Metagenomic Binning Service¶
Overview¶
The Metagenomic Binning Service accepts either reads or contigs, and attempts to “bin” the data into a set of genomes. This service can be used to reconstruct bacterial and archael genomes from environmental samples [1].
See also¶
Using the Metagenomic Binning Service¶
The Metagenomic Binning submenu option under the Services main menu (Metagenomics category) opens the Metagenomic Binning Service input form (shown below). Note: You must be logged into BV-BRC to use this service.
Options¶
Start With¶
The service supports input of read files or assembled contigs. This selection changes the options in the Input File box on the form.
Read File Option¶
Assembled Contigs Option¶
Input File¶
The Input File box options depend on whether Read File or Assembled Contigs is chosen in the Start With box.
Read File Option¶
Multiple read types can be uploaded and submitted to the service. Clicking the arrow beside each one after uploading the file moves it to the Selected Libraries box, which will all be included when the service is run.
Paired Read Library - Read File 1 & 2¶
Many paired read libraries are given as file pairs, with each file containing half of each read pair. Paired read files are expected to be sorted such that each read in a pair occurs in the same Nth position as its mate in their respective files. These files are specified as READ FILE 1 and READ FILE 2. For a given file pair, the selection of which file is READ 1 and which is READ 2 does not matter.
Single Read Library¶
This option allows upload of a fastq file that contains single reads.
SRR Run Accession¶
This option allows upload of existing read data at the NCBI Sequence Read Archive (SRA) by entering the SRR Run Accession number.
Assembled Contigs Option¶
Contigs¶
Alternatively, contigs can be uploaded and used with the service instead of read files.
Parameters¶
Assembly Strategy¶
3 options are available for read assembly:
MetaSpades [2] - part of the SPAdes toolkit, developed to address the various challenges of metagenomic assembly.
MEGAHIT [3] - a de novo assembler for assembling large and complex metagenomics data. MEGAHIT assembles the data as a whole (i.e., no preprocessing like partitioning and normalization).
Auto - the service uses the most appropriate strategy for the input data.
Organisms of Interest¶
This option allows selection of bacterial or viral annotation, or both.
Bacteria/Archaea - Uses the RASTtk [4] annotation pipeline.
Viruses - Uses use one of two annotation pipelines. It uses the VIGOR4 [5,6] pipeline if a reference annotation is available for that virus or viral family. If not, the Mat Peptide [7] pipeline is used.
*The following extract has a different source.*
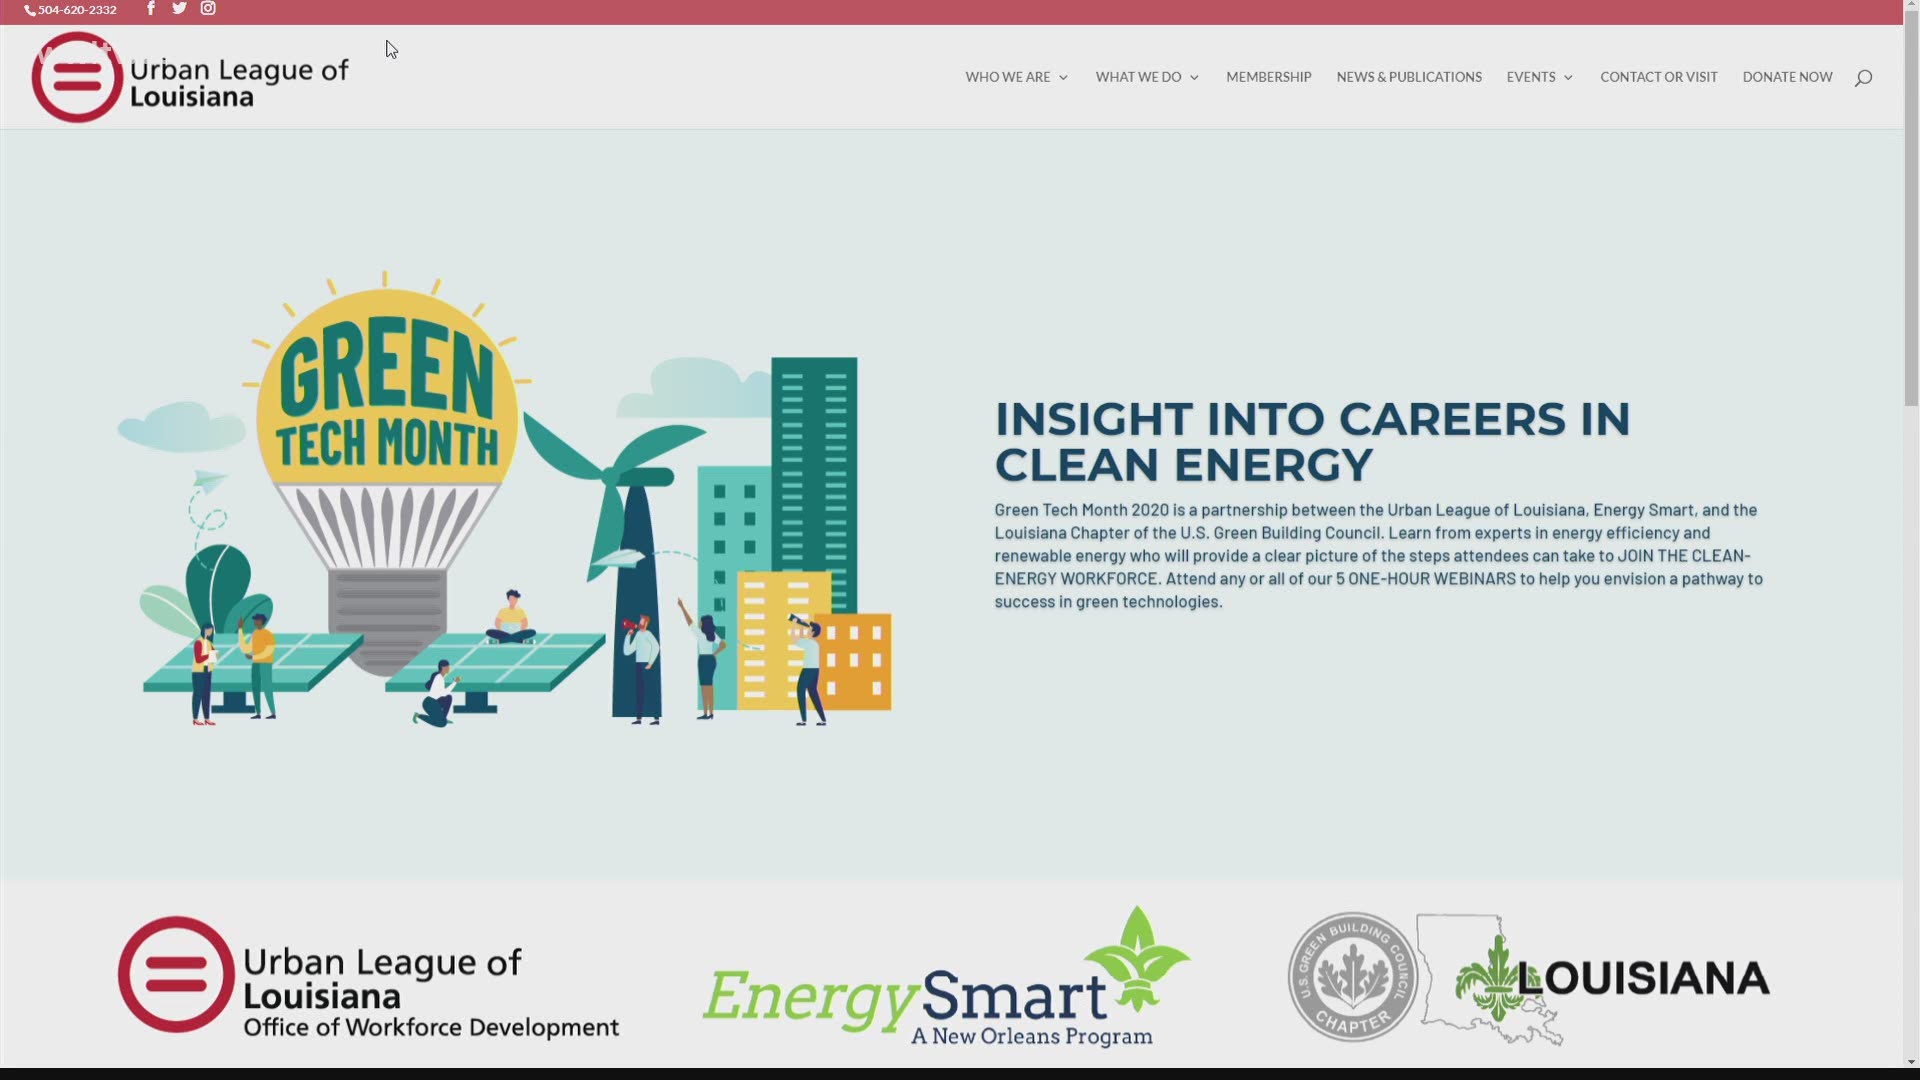 For more information on Green Tech Month 2020 webinars, visit: https://urbanleaguela.org/green-tech-2020/

Both - Uses both the bacterial and viral annotation pipelines.
Output Folder¶
The workspace folder where analysis job results will be placed.
Output Name¶
User-defined name used to uniquely identify results.
Genome Group Name¶
Name used to create genome group with identified genomes.
Selected libraries¶
Read files placed here will be submitted to the service.
Output Results¶
The Metagenomic Binning Service generates several files that are deposited in the Private Workspace in the designated Output Folder. These include
BinningReport.html - Document containing the list of bins and other summary information. Double-clicking on this file to display it.
bin.#.#### - Annotation job result of bin number #.
bin.#.####.fa - a FASTA file containing the bin’s contigs for bin number #.
References¶
Parrello, B., Butler, R., Chlenski, P., Pusch, G. D. & Overbeek, R. Supervised extraction of near-complete genomes from metagenomic samples: A new service in PATRIC. Plos one 16, e0250092 (2021).
Nurk, S., Meleshko, D., Korobeynikov, A. & Pevzner, P. A. metaSPAdes: a new versatile metagenomic assembler. Genome research 27, 824-834 (2017)
Li, D. et al. MEGAHIT v1. 0: a fast and scalable metagenome assembler driven by advanced methodologies and community practices. Methods 102, 3-11 (2016).
Brettin, T. et al. RASTtk: a modular and extensible implementation of the RAST algorithm for building custom annotation pipelines and annotating batches of genomes. Scientific reports 5, 8365 (2015).
Wang, S., Sundaram, J. P. & Spiro, D. VIGOR, an annotation program for small viral genomes. BMC bioinformatics 11, 1-10 (2010).
Wang, S., Sundaram, J. P. & Stockwell, T. B. VIGOR extended to annotate genomes for additional 12 different viruses. Nucleic acids research 40, W186-W192 (2012).
Larsen, C. N. et al. Mat_peptide: comprehensive annotation of mature peptides from polyproteins in five virus families. Bioinformatics 36, 1627-1628 (2020).